I seen now the kind of conversations he is always
having with himself when he gets jest so drunk
and is thinking hard. Only this time it happens
to be out loud.
"What is a gentleman?" I asts him, thinking
if he wasn't one it might take his mind off himself a
little to tell me. "What MAKES one?"
"Authorities differ," says Doctor Kirby, slouching
down in his chair, and grinning like he knowed a
joke he wasn't going to tell no one. "I heard
Doctor Jackson describe himself that way the other
day."
Well, speaking personal, I never had smelled
none of roses.

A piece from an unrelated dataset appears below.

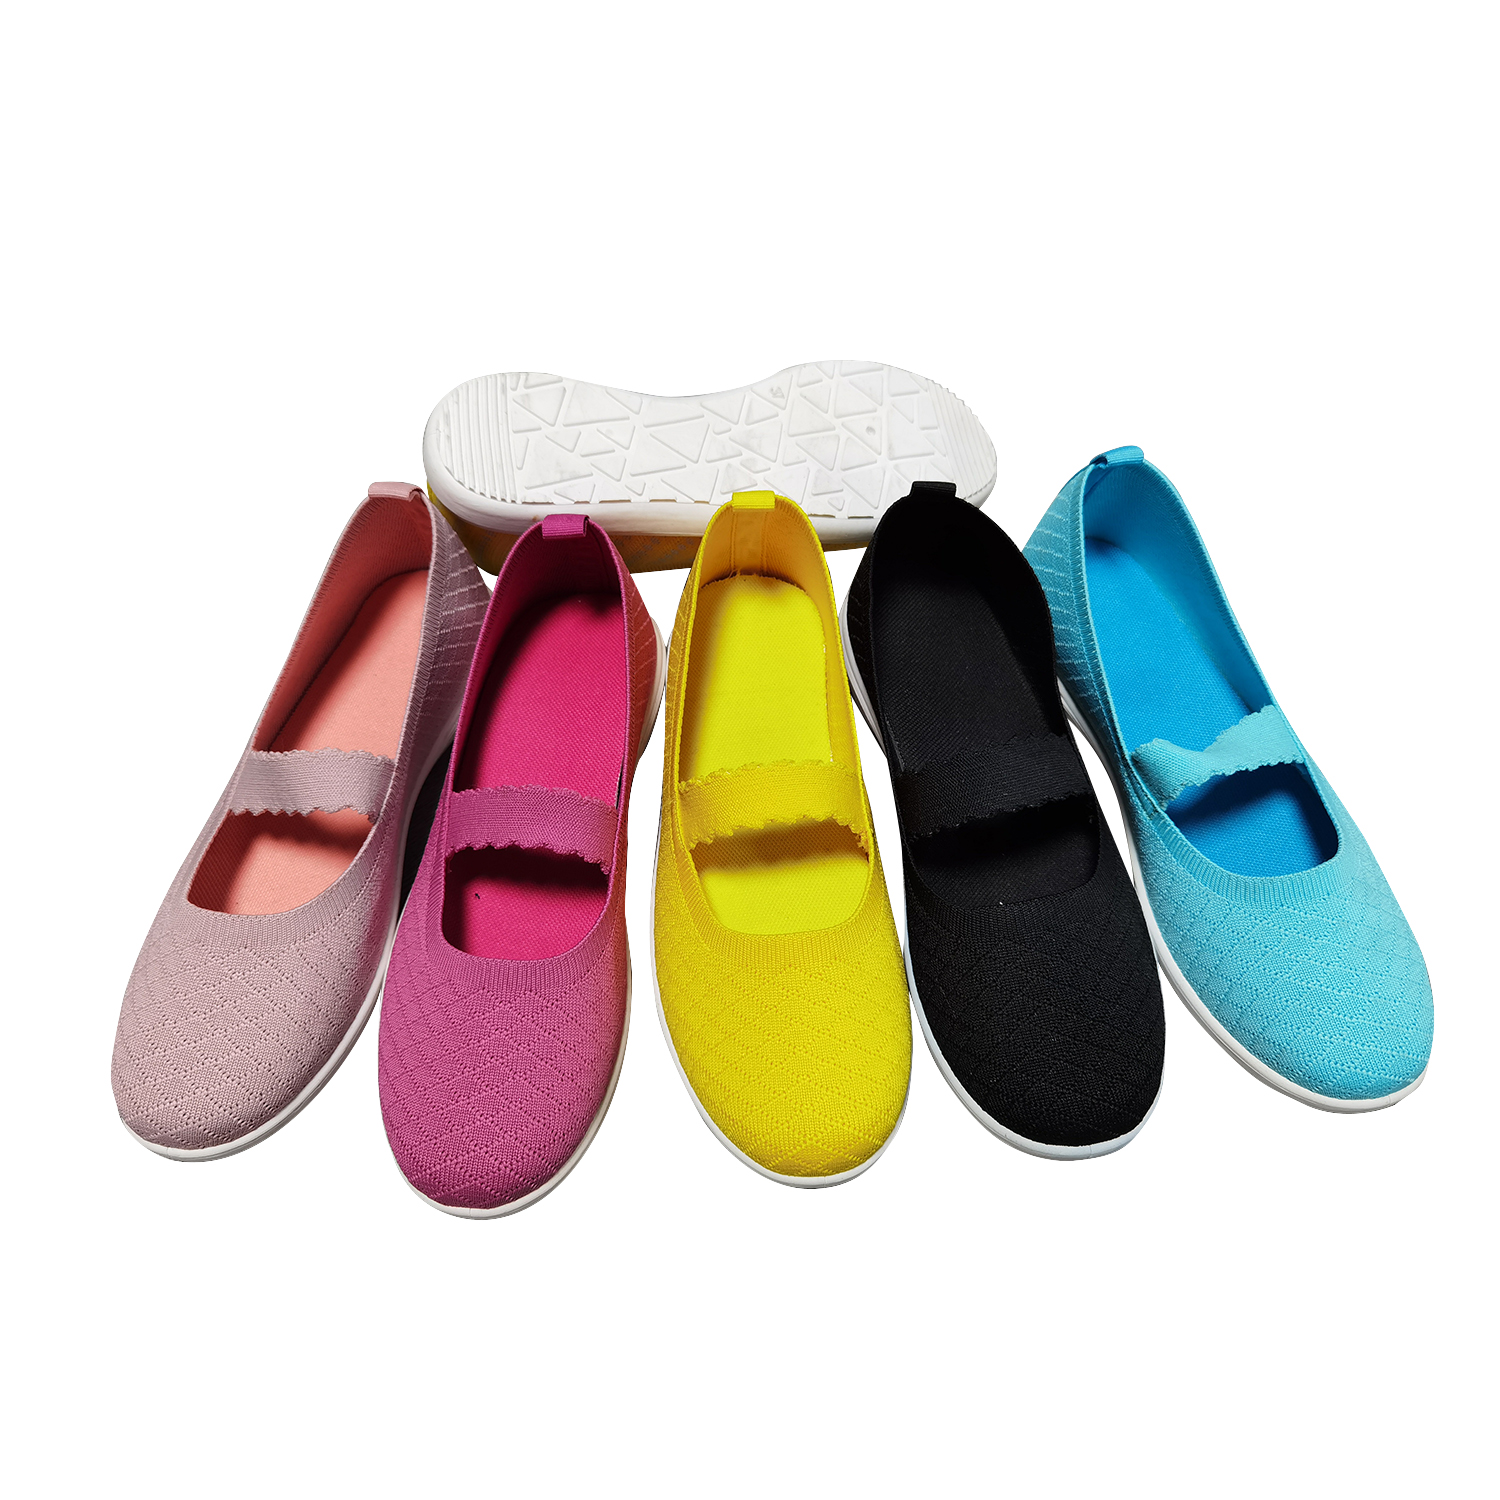 Women's Casual Shoes Flat Slip On Loafer

I wasn't nothing but trash myself,
so being a gentleman didn't bother me one way or
the other. The only reason I didn't want to see
them niggers bunked so very bad was only jest
because it was such a low-down, ornery kind of
trick.
"It ain't too late," I says, "to pull out of this
nigger scheme yet and get into something more
honest."
"I don't know," he says thoughtful. "I think
perhaps it IS too late." And he sets there looking
like a man that is going over a good many years
of life in his mind. Purty soon he says:
"As far as honesty goes--it isn't that so much,
O Daniel-come-to-judgment! It's about as honest
as most medicine games. It's--" He stopped
and frowned agin.
"What is it?"
"It's their being NIGGERS," he says.